**PROBLEM STATEMENT:** For this exercise, copy exactly the lines below from the one with "Vista angolare destra" through the one with "Isolate small tree, orange" and leave out the pictures.

**AVAILABLE DATA:**
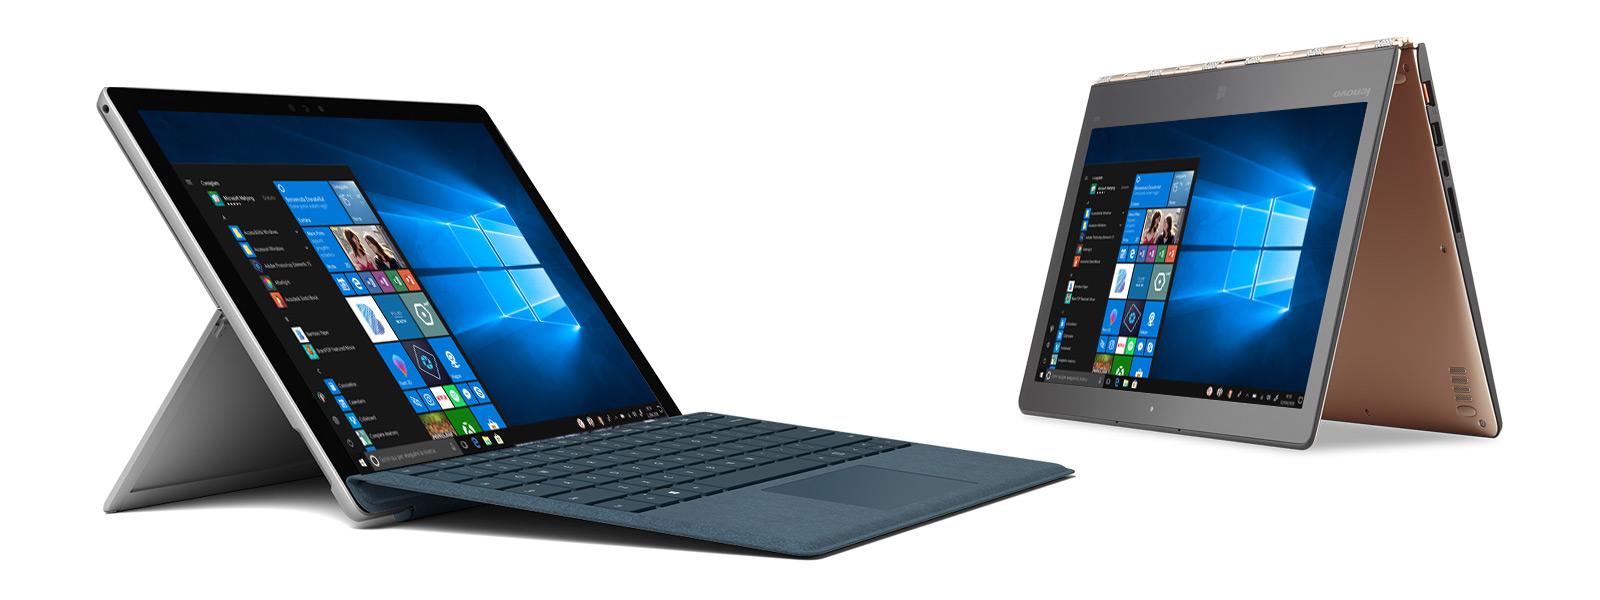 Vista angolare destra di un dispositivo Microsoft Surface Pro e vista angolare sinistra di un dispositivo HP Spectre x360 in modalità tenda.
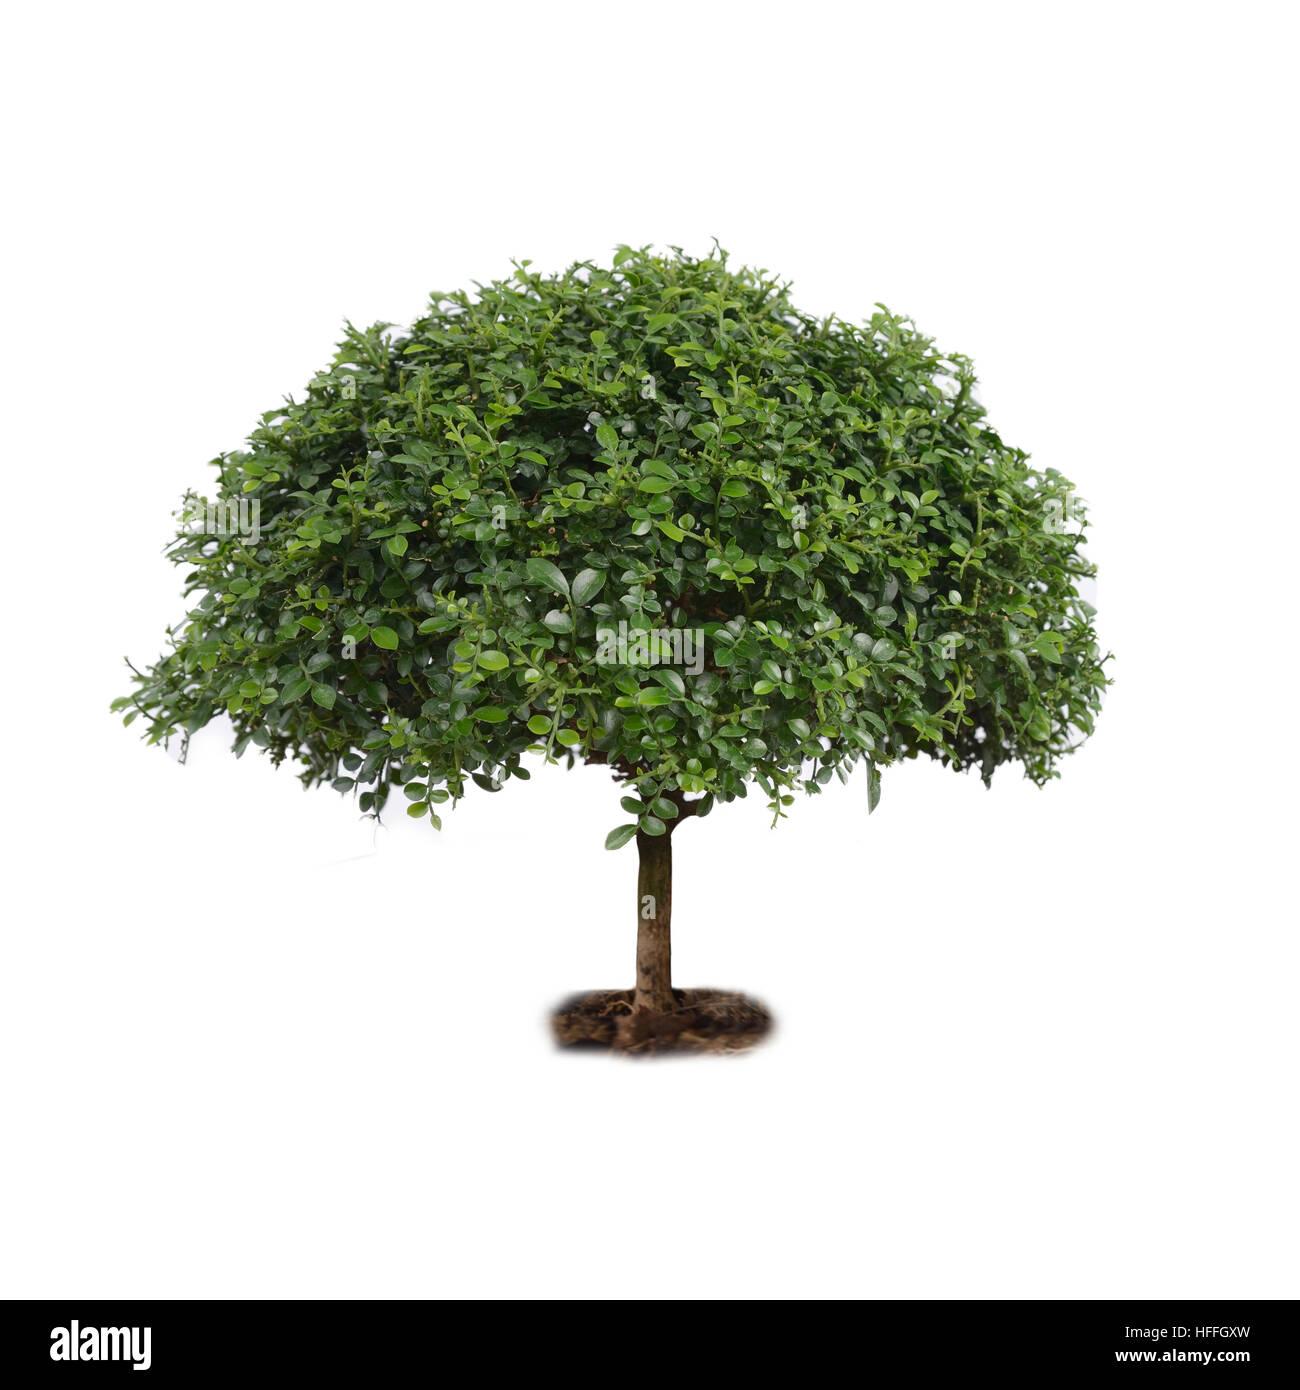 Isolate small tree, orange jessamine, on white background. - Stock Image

---

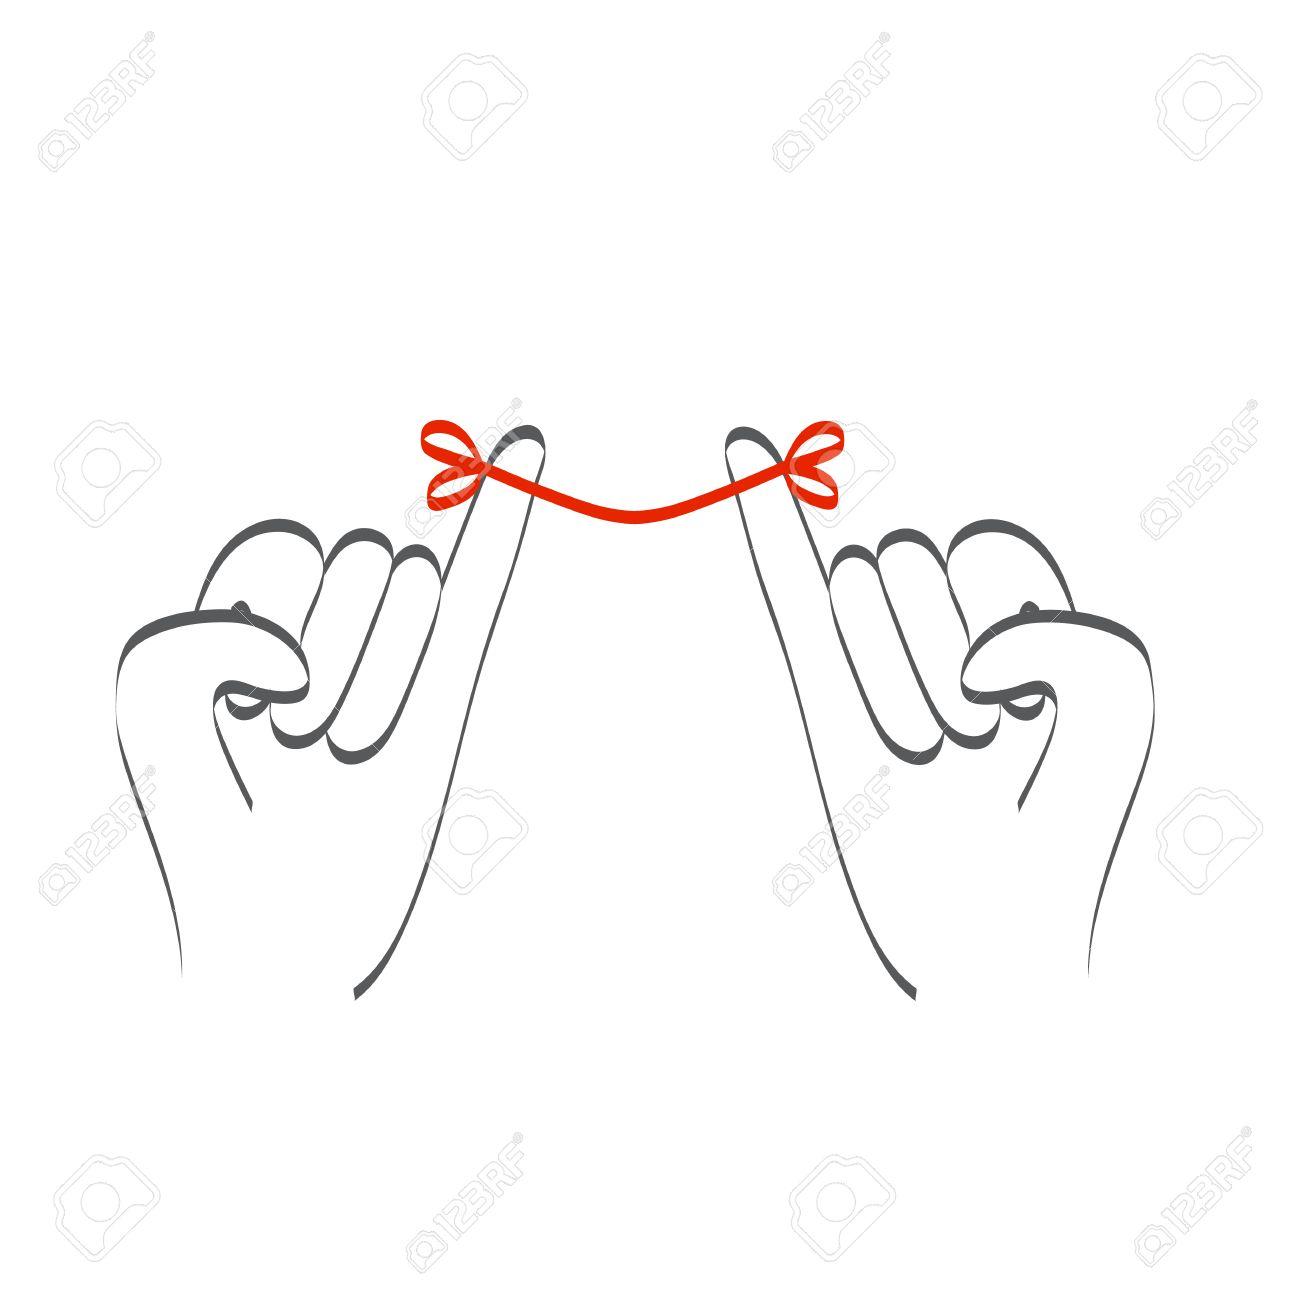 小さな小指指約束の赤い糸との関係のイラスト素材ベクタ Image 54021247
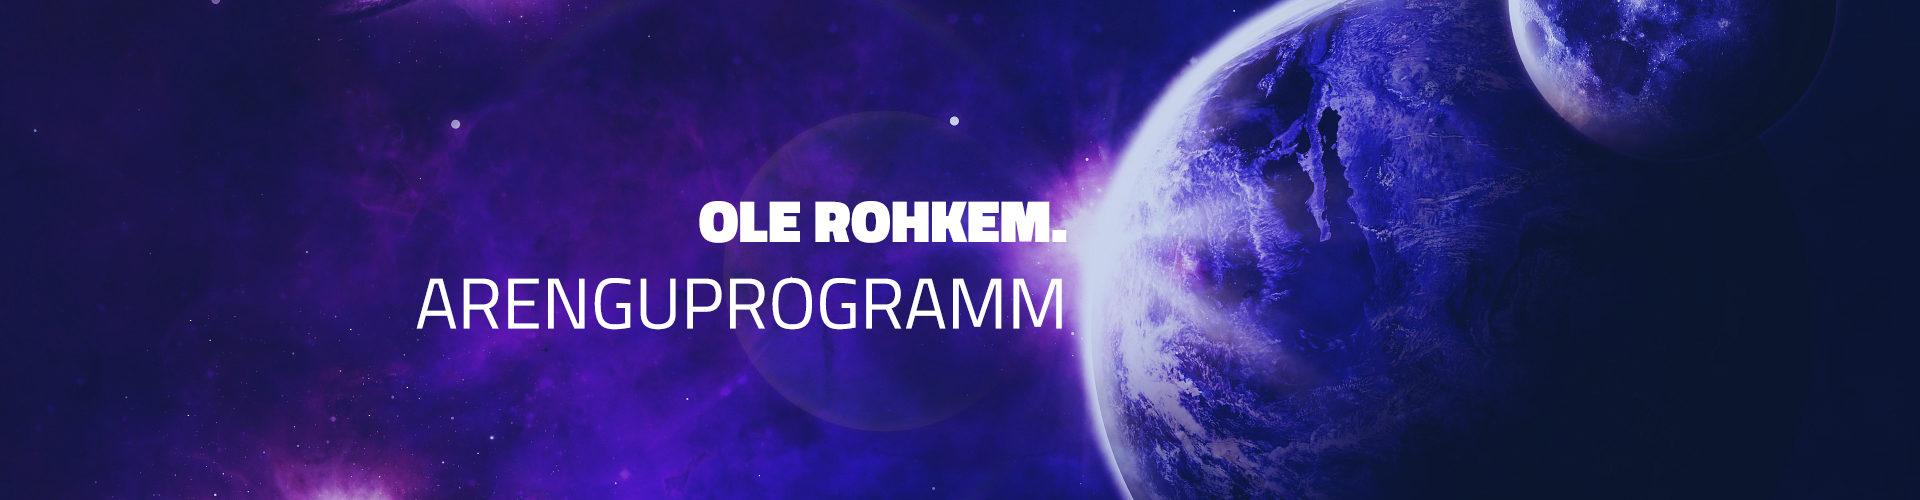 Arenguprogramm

**EXERCISE ANSWER:**
 Vista angolare destra di un dispositivo Microsoft Surface Pro e vista angolare sinistra di un dispositivo HP Spectre x360 in modalità tenda.
 Isolate small tree, orange jessamine, on white background. - Stock Image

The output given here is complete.